● WORK ITEM
Return all the entries word for word.

● Saved data entries
....................

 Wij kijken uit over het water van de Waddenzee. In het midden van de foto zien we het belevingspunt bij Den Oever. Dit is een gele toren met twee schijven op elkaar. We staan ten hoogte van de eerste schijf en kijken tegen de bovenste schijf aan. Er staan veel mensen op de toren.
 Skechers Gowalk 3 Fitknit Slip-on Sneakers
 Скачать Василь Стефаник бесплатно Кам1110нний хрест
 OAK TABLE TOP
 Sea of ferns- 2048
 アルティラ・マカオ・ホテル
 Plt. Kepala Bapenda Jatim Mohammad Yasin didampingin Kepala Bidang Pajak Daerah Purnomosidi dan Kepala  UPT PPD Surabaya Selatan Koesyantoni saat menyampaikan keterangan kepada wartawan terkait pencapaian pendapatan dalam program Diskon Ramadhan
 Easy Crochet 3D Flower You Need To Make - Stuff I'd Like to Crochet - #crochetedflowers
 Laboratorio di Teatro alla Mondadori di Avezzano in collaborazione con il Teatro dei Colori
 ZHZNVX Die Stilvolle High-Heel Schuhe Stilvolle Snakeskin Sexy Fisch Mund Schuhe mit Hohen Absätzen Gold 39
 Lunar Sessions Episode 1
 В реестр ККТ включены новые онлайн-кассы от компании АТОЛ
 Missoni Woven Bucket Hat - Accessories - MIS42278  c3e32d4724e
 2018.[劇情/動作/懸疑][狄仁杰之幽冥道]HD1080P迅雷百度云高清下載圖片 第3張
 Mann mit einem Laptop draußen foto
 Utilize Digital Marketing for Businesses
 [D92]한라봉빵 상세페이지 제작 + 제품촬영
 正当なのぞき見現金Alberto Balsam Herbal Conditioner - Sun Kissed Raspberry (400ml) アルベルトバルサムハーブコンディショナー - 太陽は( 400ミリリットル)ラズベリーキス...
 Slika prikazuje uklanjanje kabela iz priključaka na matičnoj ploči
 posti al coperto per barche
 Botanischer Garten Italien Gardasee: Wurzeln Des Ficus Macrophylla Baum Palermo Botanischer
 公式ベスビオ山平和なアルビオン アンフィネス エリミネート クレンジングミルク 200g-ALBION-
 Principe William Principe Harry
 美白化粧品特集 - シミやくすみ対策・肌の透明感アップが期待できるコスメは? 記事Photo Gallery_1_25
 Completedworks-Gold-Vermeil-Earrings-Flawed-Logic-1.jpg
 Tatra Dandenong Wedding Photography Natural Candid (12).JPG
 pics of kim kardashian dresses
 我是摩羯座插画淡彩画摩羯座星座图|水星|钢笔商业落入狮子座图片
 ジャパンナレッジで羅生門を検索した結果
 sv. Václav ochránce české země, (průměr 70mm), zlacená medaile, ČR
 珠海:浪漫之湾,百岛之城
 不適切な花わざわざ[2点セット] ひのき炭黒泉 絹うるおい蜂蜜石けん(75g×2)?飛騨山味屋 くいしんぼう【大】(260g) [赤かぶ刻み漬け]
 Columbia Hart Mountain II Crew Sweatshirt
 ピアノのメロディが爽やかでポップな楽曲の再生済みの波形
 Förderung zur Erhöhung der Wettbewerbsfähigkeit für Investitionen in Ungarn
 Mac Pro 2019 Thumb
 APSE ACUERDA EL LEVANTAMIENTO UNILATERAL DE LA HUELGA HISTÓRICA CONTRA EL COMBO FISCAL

....................

● ANSWER TO THIS TASK
 Wij kijken uit over het water van de Waddenzee. In het midden van de foto zien we het belevingspunt bij Den Oever. Dit is een gele toren met twee schijven op elkaar. We staan ten hoogte van de eerste schijf en kijken tegen de bovenste schijf aan. Er staan veel mensen op de toren.
 Skechers Gowalk 3 Fitknit Slip-on Sneakers
 Скачать Василь Стефаник бесплатно Кам1110нний хрест
 OAK TABLE TOP
 Sea of ferns- 2048
 アルティラ・マカオ・ホテル
 Plt. Kepala Bapenda Jatim Mohammad Yasin didampingin Kepala Bidang Pajak Daerah Purnomosidi dan Kepala  UPT PPD Surabaya Selatan Koesyantoni saat menyampaikan keterangan kepada wartawan terkait pencapaian pendapatan dalam program Diskon Ramadhan
 Easy Crochet 3D Flower You Need To Make - Stuff I'd Like to Crochet - #crochetedflowers
 Laboratorio di Teatro alla Mondadori di Avezzano in collaborazione con il Teatro dei Colori
 ZHZNVX Die Stilvolle High-Heel Schuhe Stilvolle Snakeskin Sexy Fisch Mund Schuhe mit Hohen Absätzen Gold 39
 Lunar Sessions Episode 1
 В реестр ККТ включены новые онлайн-кассы от компании АТОЛ
 Missoni Woven Bucket Hat - Accessories - MIS42278  c3e32d4724e
 2018.[劇情/動作/懸疑][狄仁杰之幽冥道]HD1080P迅雷百度云高清下載圖片 第3張
 Mann mit einem Laptop draußen foto
 Utilize Digital Marketing for Businesses
 [D92]한라봉빵 상세페이지 제작 + 제품촬영
 正当なのぞき見現金Alberto Balsam Herbal Conditioner - Sun Kissed Raspberry (400ml) アルベルトバルサムハーブコンディショナー - 太陽は( 400ミリリットル)ラズベリーキス...
 Slika prikazuje uklanjanje kabela iz priključaka na matičnoj ploči
 posti al coperto per barche
 Botanischer Garten Italien Gardasee: Wurzeln Des Ficus Macrophylla Baum Palermo Botanischer
 公式ベスビオ山平和なアルビオン アンフィネス エリミネート クレンジングミルク 200g-ALBION-
 Principe William Principe Harry
 美白化粧品特集 - シミやくすみ対策・肌の透明感アップが期待できるコスメは? 記事Photo Gallery_1_25
 Completedworks-Gold-Vermeil-Earrings-Flawed-Logic-1.jpg
 Tatra Dandenong Wedding Photography Natural Candid (12).JPG
 pics of kim kardashian dresses
 我是摩羯座插画淡彩画摩羯座星座图|水星|钢笔商业落入狮子座图片
 ジャパンナレッジで羅生門を検索した結果
 sv. Václav ochránce české země, (průměr 70mm), zlacená medaile, ČR
 珠海:浪漫之湾,百岛之城
 不適切な花わざわざ[2点セット] ひのき炭黒泉 絹うるおい蜂蜜石けん(75g×2)?飛騨山味屋 くいしんぼう【大】(260g) [赤かぶ刻み漬け]
 Columbia Hart Mountain II Crew Sweatshirt
 ピアノのメロディが爽やかでポップな楽曲の再生済みの波形
 Förderung zur Erhöhung der Wettbewerbsfähigkeit für Investitionen in Ungarn
 Mac Pro 2019 Thumb
 APSE ACUERDA EL LEVANTAMIENTO UNILATERAL DE LA HUELGA HISTÓRICA CONTRA EL COMBO FISCAL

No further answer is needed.